Frequently Asked Question
Portable Batch System (PBS) is a widely used workload management system for High-Performance Computing (HPC) environments. It helps manage and schedule jobs on computing clusters by distributing them across available resources such as CPUs and GPUs. This article introduces the PBS directives and commands that are invaluable when working on the Aziz supercomputer, enabling the users to submit, monitor, and manage the computational tasks efficiently.
1. Basic PBS Script Structure
A typical PBS script, preferred with a .pbs
extension, consists of the following sections:
- PBS directives: These directives provide instructions to the PBS system about the requested computing nodes for a job.
- Job script: This section contains the actual commands that you want to execute on the computing cluster.
2. Common PBS Directives
1. #PBS -N jobname
- Specifies the job name.
2. #PBS -q queue_name
- Specifies the queue to which the job should be submitted.
3. #PBS -l select=number:ncpus=cores_per_node
- Requests a specific number of nodes with a specified number of cores per node.
4. #PBS -l walltime=hours:minutes:seconds
- Sets the maximum wall-clock time for the job.
5. #PBS -o output_file
- Redirects standard output to a specified file.
6. #PBS -e error_file
- Redirects standard error to a specified file.
3. Example PBS Script
The Aziz Supercomputer is equipped with different types of compute nodes, including both CPUs and GPUs. The following is a general PBS example.

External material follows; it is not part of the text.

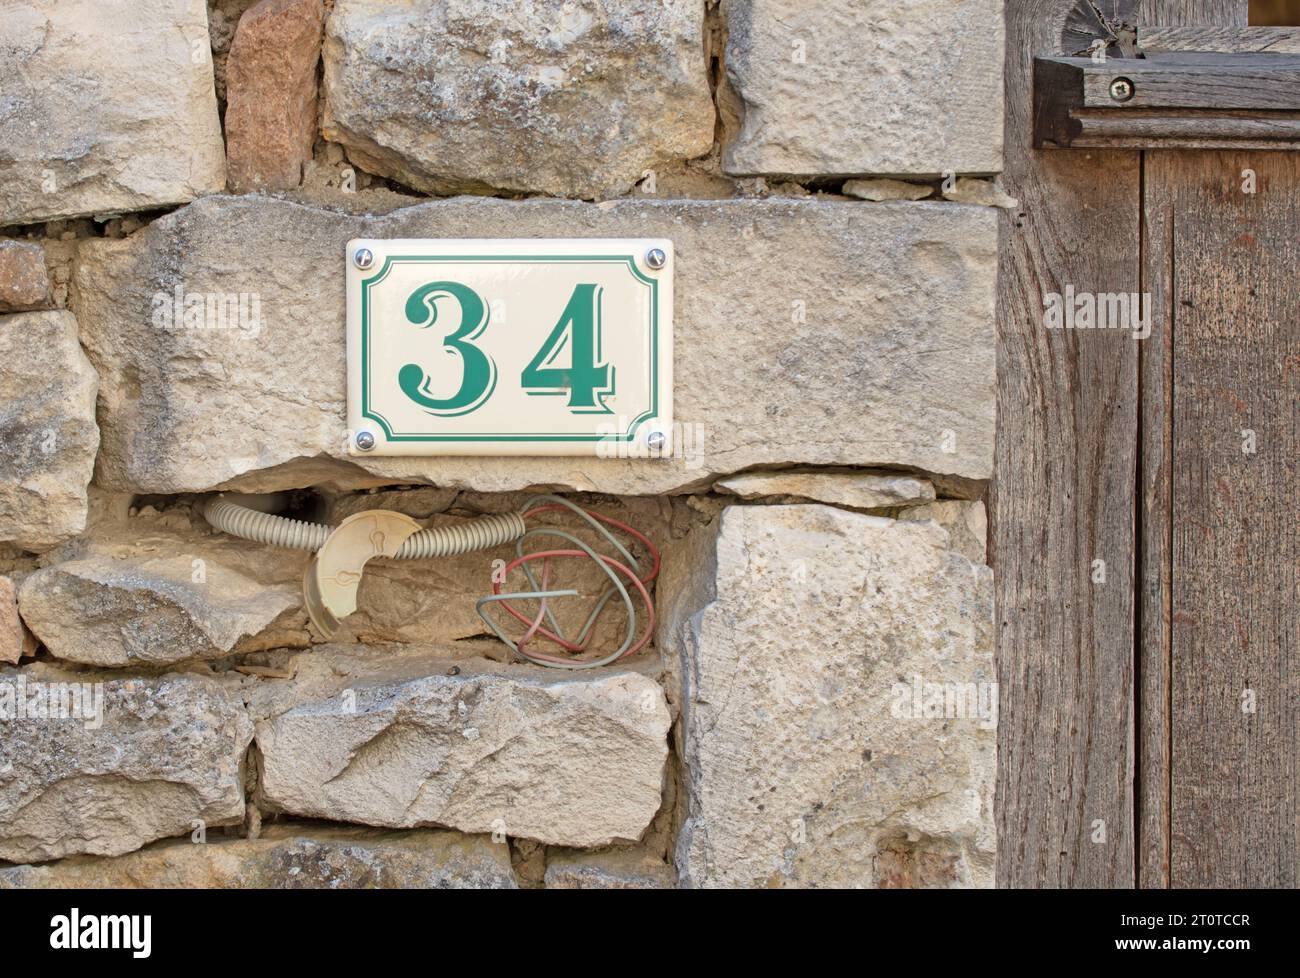 Mur de pierre près d'une porte, entrée au numéro 34, France Banque D'Images

For specific PBS scripts to run jobs on CPUs or GPUs, please refer to the corresponding sections.
Bash
#!/bin/bash
#PBS -N my_job.pbs # Job name
#PBS -q queue_Name # Choose the compute node GPU(A100) CPU(thin)or(fat)
#PBS -l select=number_of_nodes:ncpus=cpu_cores_per_node
#PBS -l walltime=02:00:00 # Set maximum wall time of 2 hours (better for 1st run)
#PBS -o output.txt
#PBS -e error.txt
# Give the directory where your code is
cd /path/to/my_files/
# Load necessary modules
module load module_name
# Execute your script
pyhton code_file.py # run command for python files
./ code_file.exe # run command for executable c code files files
# Execute the program (e.g., a parallel program using MPI)
mpirun ./my_parallel_program # Define the number of MPI processes (mpiprocs) and OpenMP Threads (ompthreads) in the select statement of PBS directive
# or execute your script with time stamp
time pyhton code_file.py # run command for python files
# unload modules after execution
module purge
Remember: Always check knowledge base or consult the support team for specific PBS options and configurations available on Aziz. By understanding and effectively using PBS scripts, you can optimize your computational workloads and make the most of the Aziz supercomputer's resources.